Erguia-se a cerca de 30 metros à direita da foz da ribeira de Santo Antão, conforme o testemunhavam alguns restos de muralhas que se encontravam dentro das águas do mar, a cerca de 10 metros da costa, na maré-baixa, (MELO, 1994:43.) e a cerca de 750 metros ao Norte do Forte de São Caetano, coadjuvando a defesa deste e a do Forte de São João.

História

Foi edificado em 1576 por determinação do corregedor dos Açores, Ciprião de Figueiredo e Vasconcelos, (DRUMMOND, 1981:231-233.) conforme o plano de defesa da ilha elaborado por Tommaso Benedetto.

Após a conquista da Terceira (julho de 1583) por D. Álvaro de Bazán, 1.º marquês de Santa Cruz de Mudela, foi inventariado o seguinte material bélico neste forte:

"No forte chamado Santo Antão: Duas meias colibrinas de bronze; um esmeril de bronze; três berços de bronze; cinco peças de ferro coado; dois berços de ferro coado; vinte e seis pelouros e carregadores."

E complementa:

"Em um baluarte que está junto da Praia: Uma peça de ferro coado; dois berços de ferro coado; vinte e seis pelouros e carregadores." (FRUTUOSO, 1998:Livro VI, cap. 26, p. 87)

No contexto da Dinastia Filipina (1580-1640) o cartógrafo Luís Teixeira registou o "Forte de S. Amtam". ("Descripçam da Ylha do Bom Ihesu chamado Terceira", 1587, mapa, cor, 64 x 89 cm, Portolano 18, Biblioteca Nazionale Centrale di Firenze)

No contexto da Guerra da Sucessão Espanhola (1701-1714) encontra-se referido pelo marechal Castelo Branco na relação "Fortificações nos Açores existentes em 1710", como "O Forte de Santo Antam no meyo da Bahya da Praya". (Arquivo dos Açores, vol. IV, 1882, p. 178.)

Com a instalação da Capitania Geral dos Açores, o seu estado foi assim reportado:

"24.º - Reducto de Santo Antão. Está reformado de novo e só lhe falta acabar-se a sua plataforma. Tem quatro canhoneiras e duas peças de ferro e huma dellas precisa reparo novo e carece de mais duas peças, com os seus reparos e para se guarnecer quatro artilheiros e dezeseis auxiliares." (JÚDICE, 1767.)

Também há conhecimento de uma planta sua, datada de 1771 (1776?), já apresentando o formato retangular. (FARIA, s/d.)

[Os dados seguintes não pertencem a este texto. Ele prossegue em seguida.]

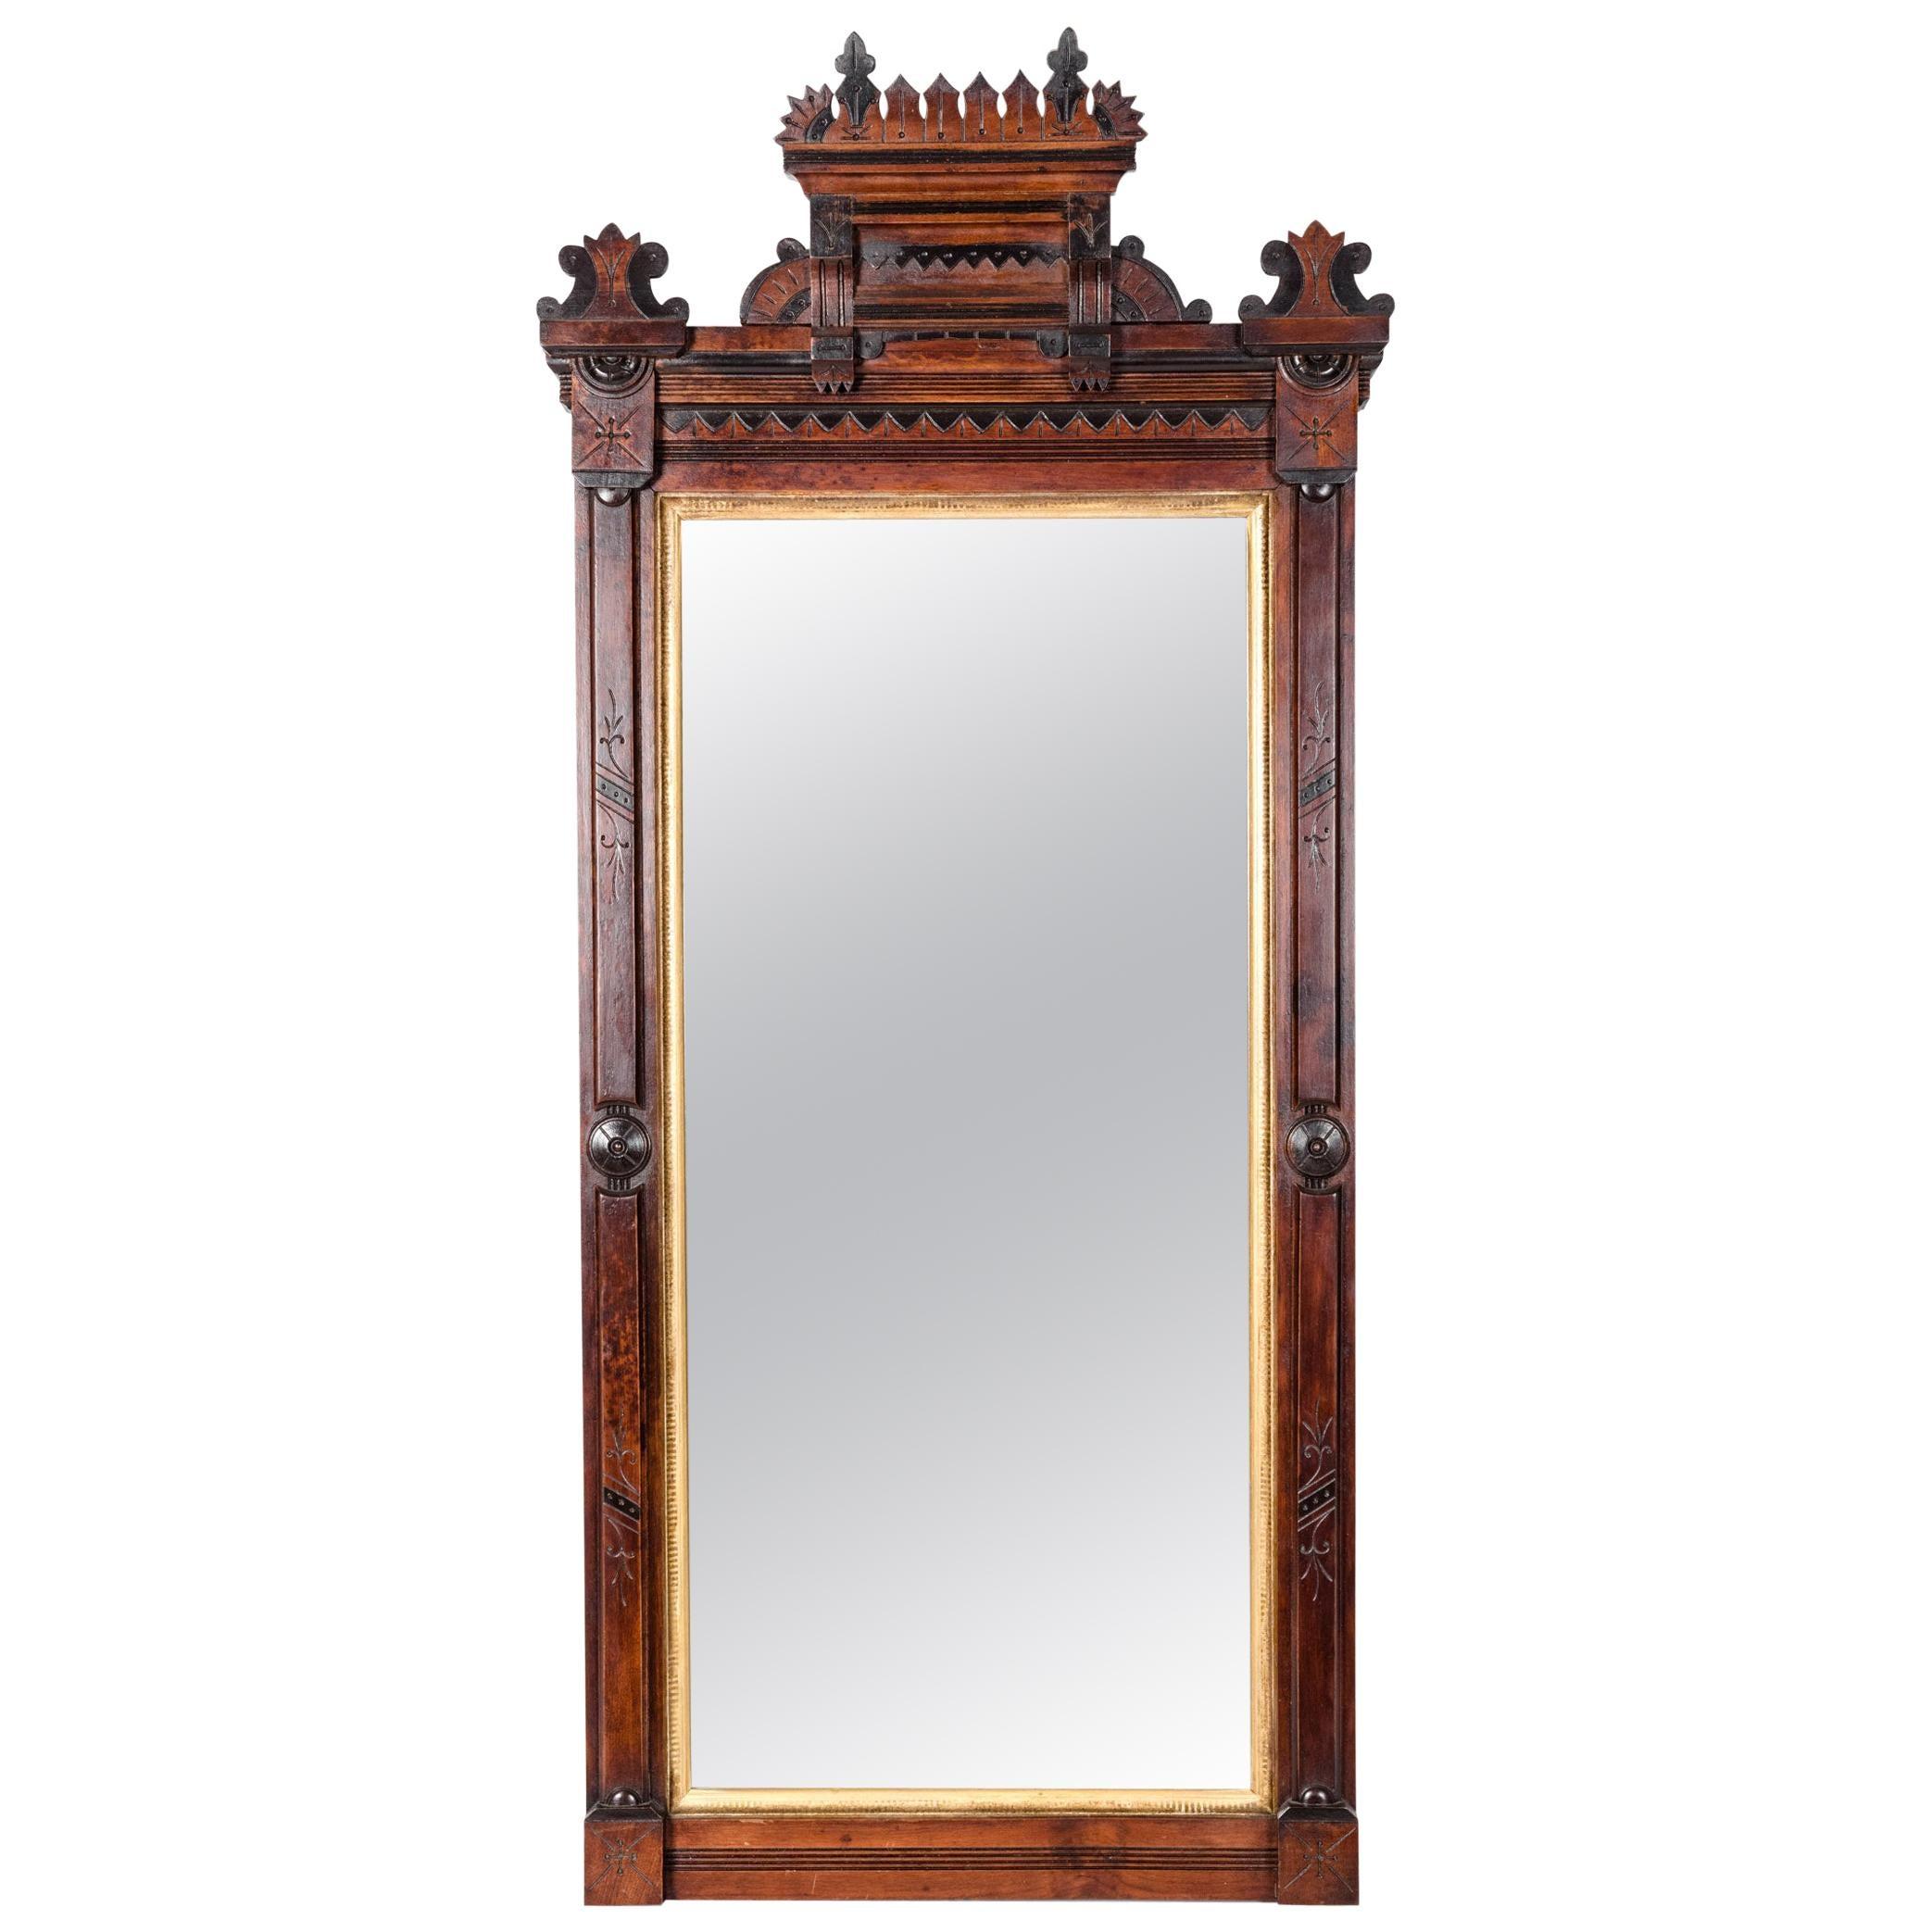 Highly Carved Mahogany Wood / Gold Leaf Framed Hanging Mirror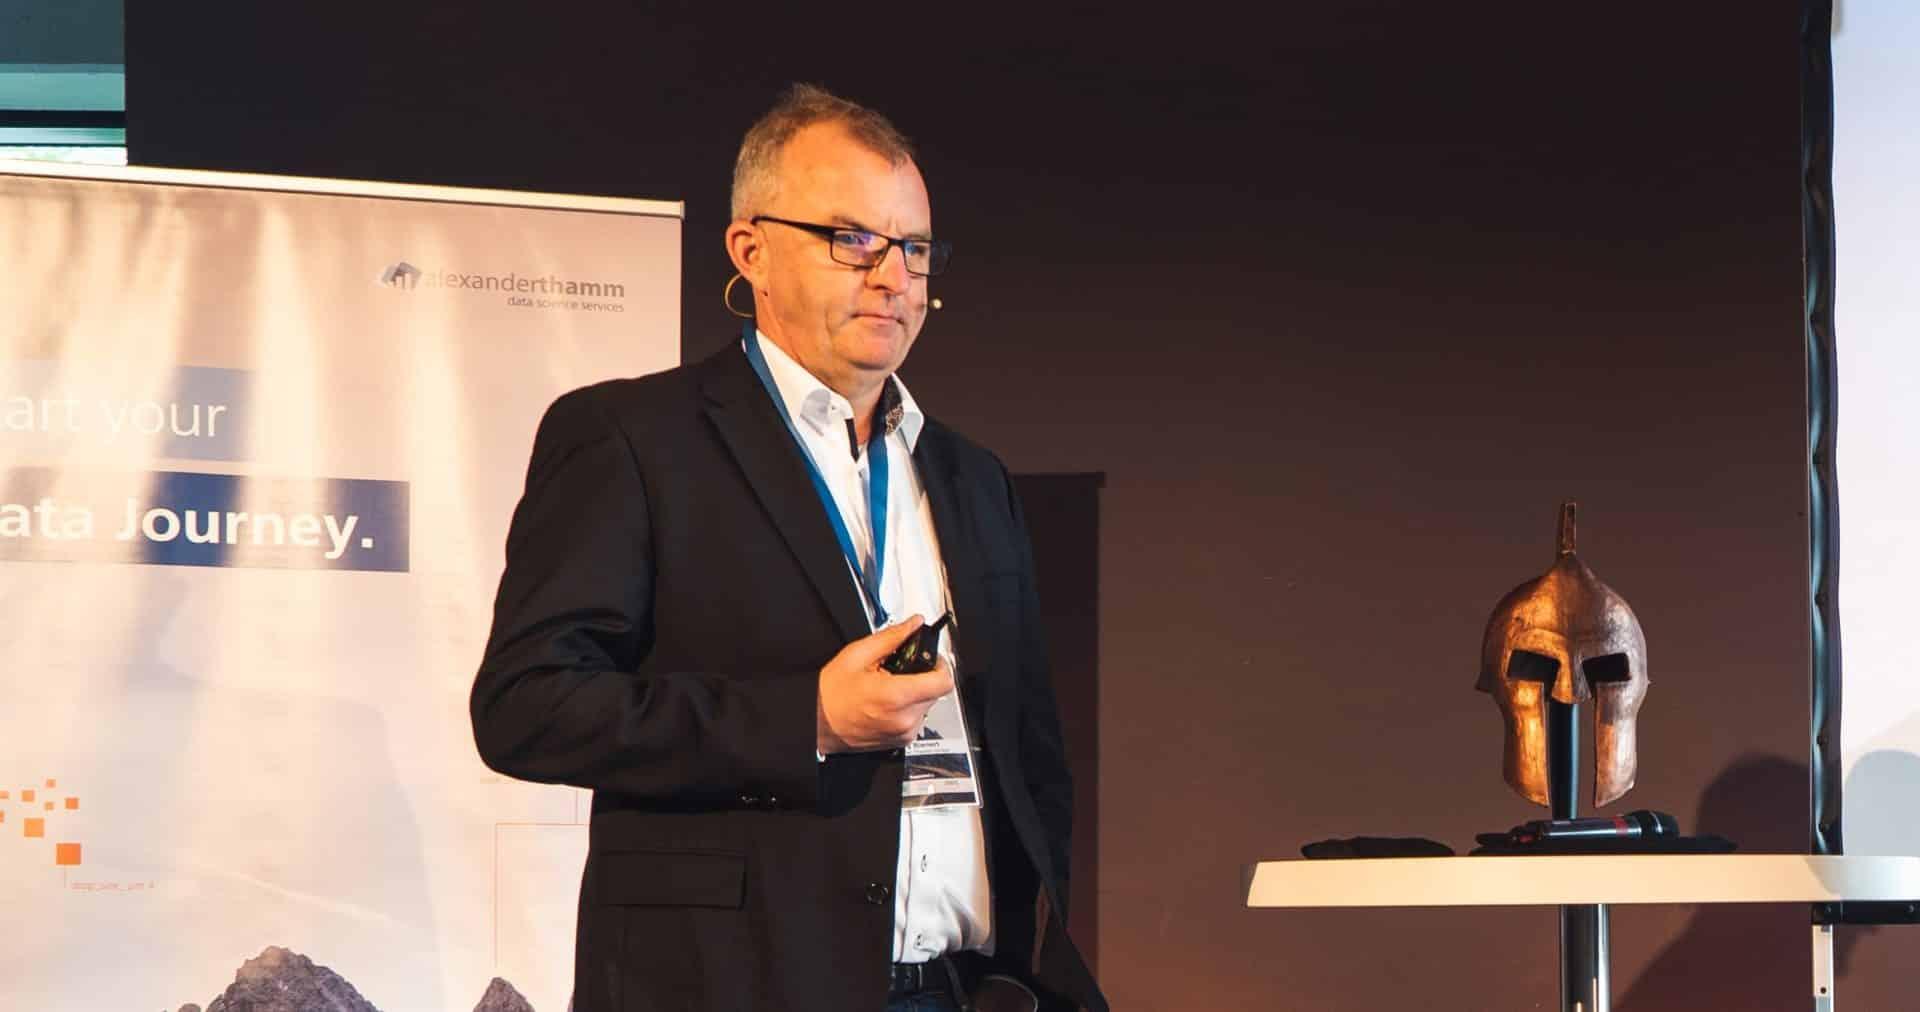 Jörg Bienert_Partner der Alexander Thamm GmbH

Encontra-se referido como "23. Forte de S. Antão na dita V.ª [da Praia]" no relatório "Revista aos fortes que defendem a costa da ilha Terceira", do Ajudante de Ordens Manoel Correa Branco (1776), que lhe aponta os reparos necessários: "Carese este Forte de se lhe fazer hua muralha de baixo do perfil pella parte da terra, e hua tarimba, e porta na sua caza; proximo ao dito Forte se acha a cantaria para aquella obra."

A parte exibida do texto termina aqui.